Filed under: — Janis Johnson @ 7:47 pm

Evolving technologies keep alumni communicators on a reactive whirl. A new idea to test, a new format to try — all with the purpose of keeping the alumni information “churn” going. But what’s the communications strategy that will both create value for alumni and yield ROI for the institution’s overall goals for increased support of various forms? Alumni as a whole and in discreet groups are powerful networks that can be harnessed for many purposes. They want to be engaged with each other and the institution, but often alumni are not asked nor given the tools to harness their support in targeted ways. Good models for the potential of alumni networks can be found in the Obama presidential campaign and the Tea Party movement, which have applied a strategic direction, smart use of technology and an array of communications tools to advance their objectives.

In our experience, alumni communications offices miss the big picture because they are typically understaffed, underfunded and stretched thin with tactical responsibilities for promoting events and pushing out information. Often they are middle managers who have the will but neither the budgets, the time or the strategic experience to offer the 35,000-foot view. 

However, just as strategic development communications became more central to fundraising campaigns a decade ago, alumni communicators are rising to senior positions as part of advancement leadership teams in forward-looking institutions today. This takes both vision and investment from senior leadership.

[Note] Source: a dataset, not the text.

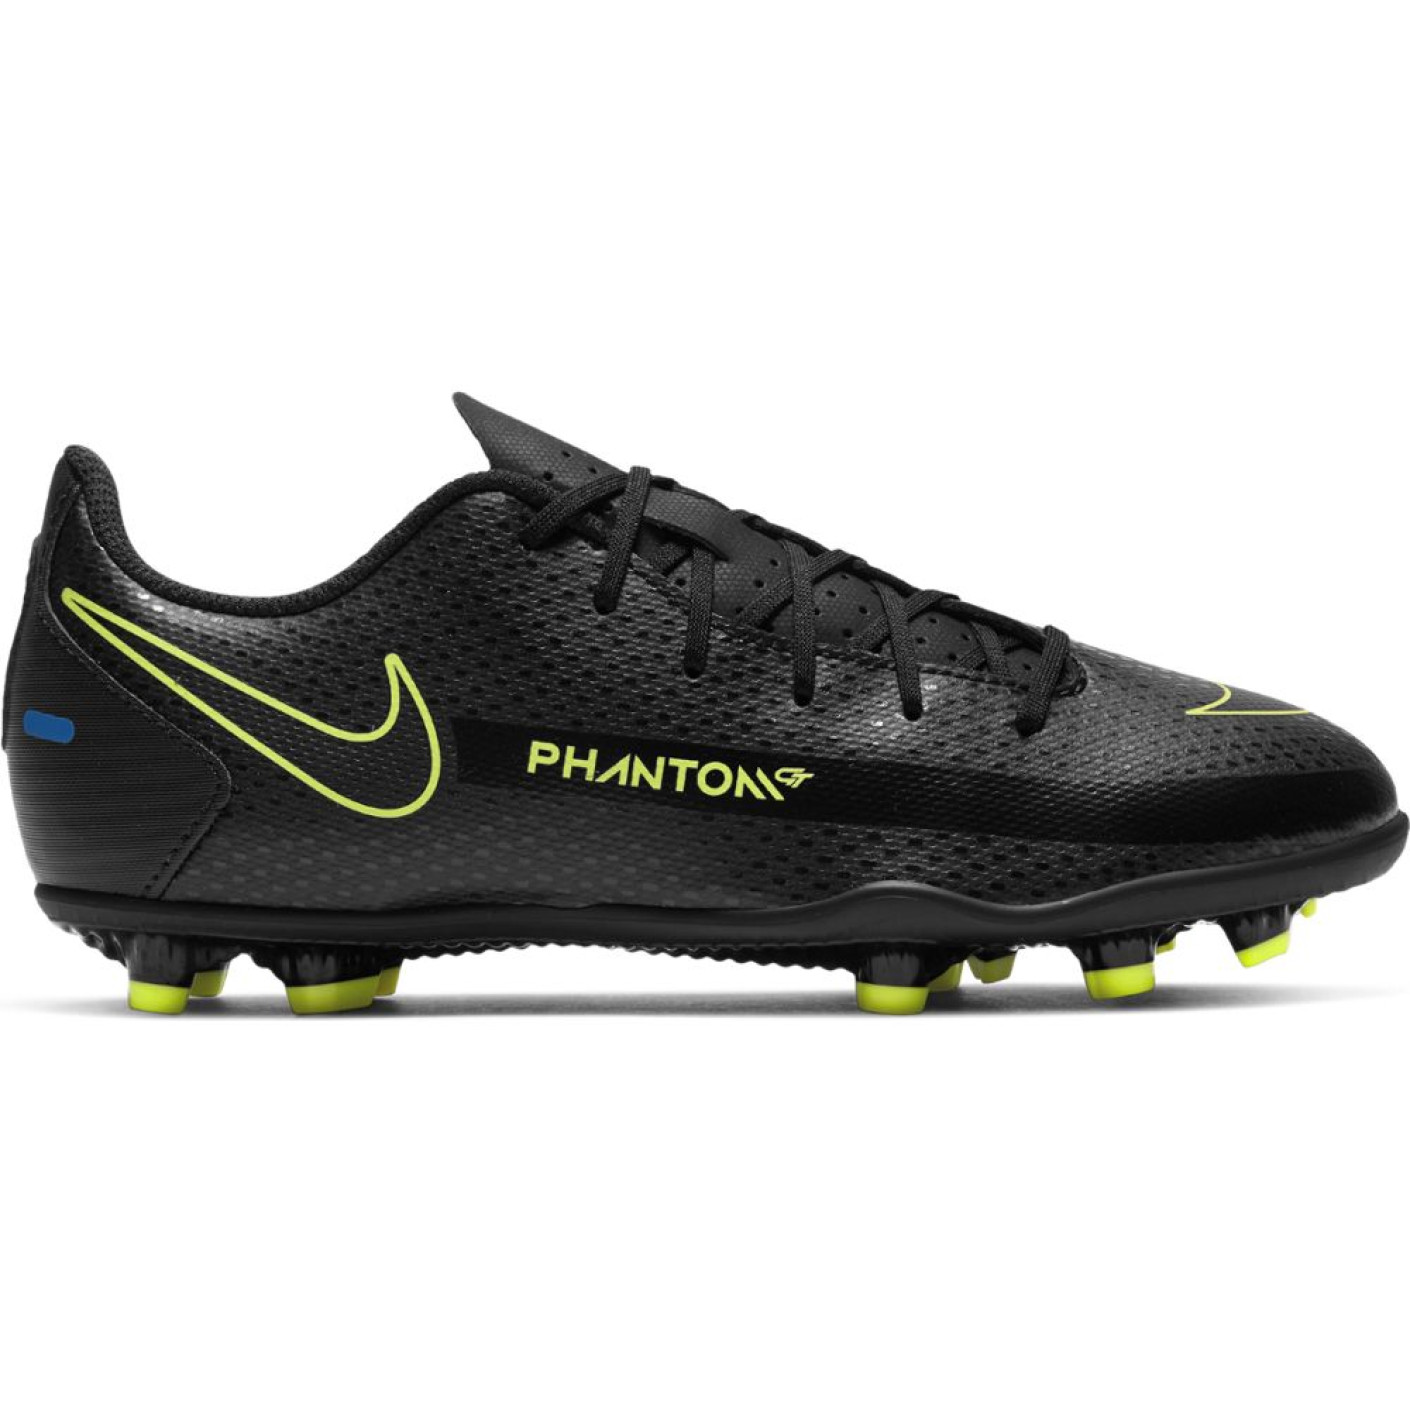 Nike Phantom GT Club Grass/Artificial Turf Chaussures de Foot (MG) Enfants Noir Jaune Bleu
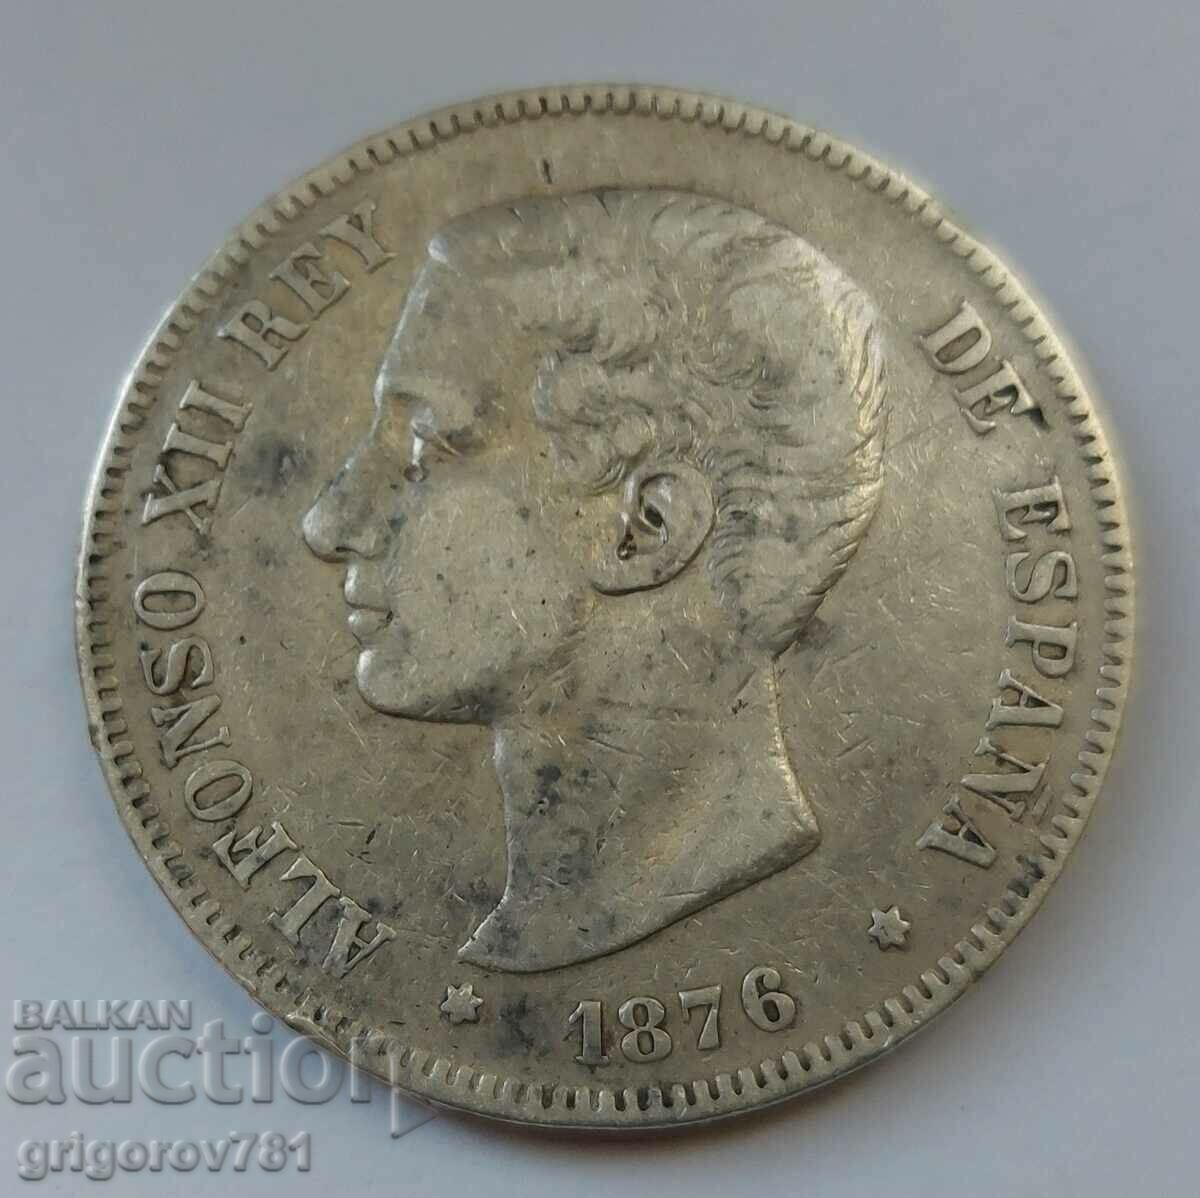 5 pesetas silver Spain 1878 - silver coin

In our recent alumni association strategic planning project with The Napa Group, we defined alumni communications best practices and provided a roadmap for strategic investment. We’ll talk about this at the CASE Summit for Advancement Leaders on July 18 in New York City. Check out our presentation, Reenvisioning Alumni Associations for the 21st Century.

One popular assumption that needs to be challenged early is that the rise of social media makes effective communication “free” of cost. While new technologies have provided more online options and relieved print budgets, it’s people who are going to get the job done. And their time isn’t free. In fact, they are busier than ever because they have more tools at their disposal and are expected to use them all appropriately — sending emails to chapters, updating websites, managing social media, creating print materials and advancing institutional goals.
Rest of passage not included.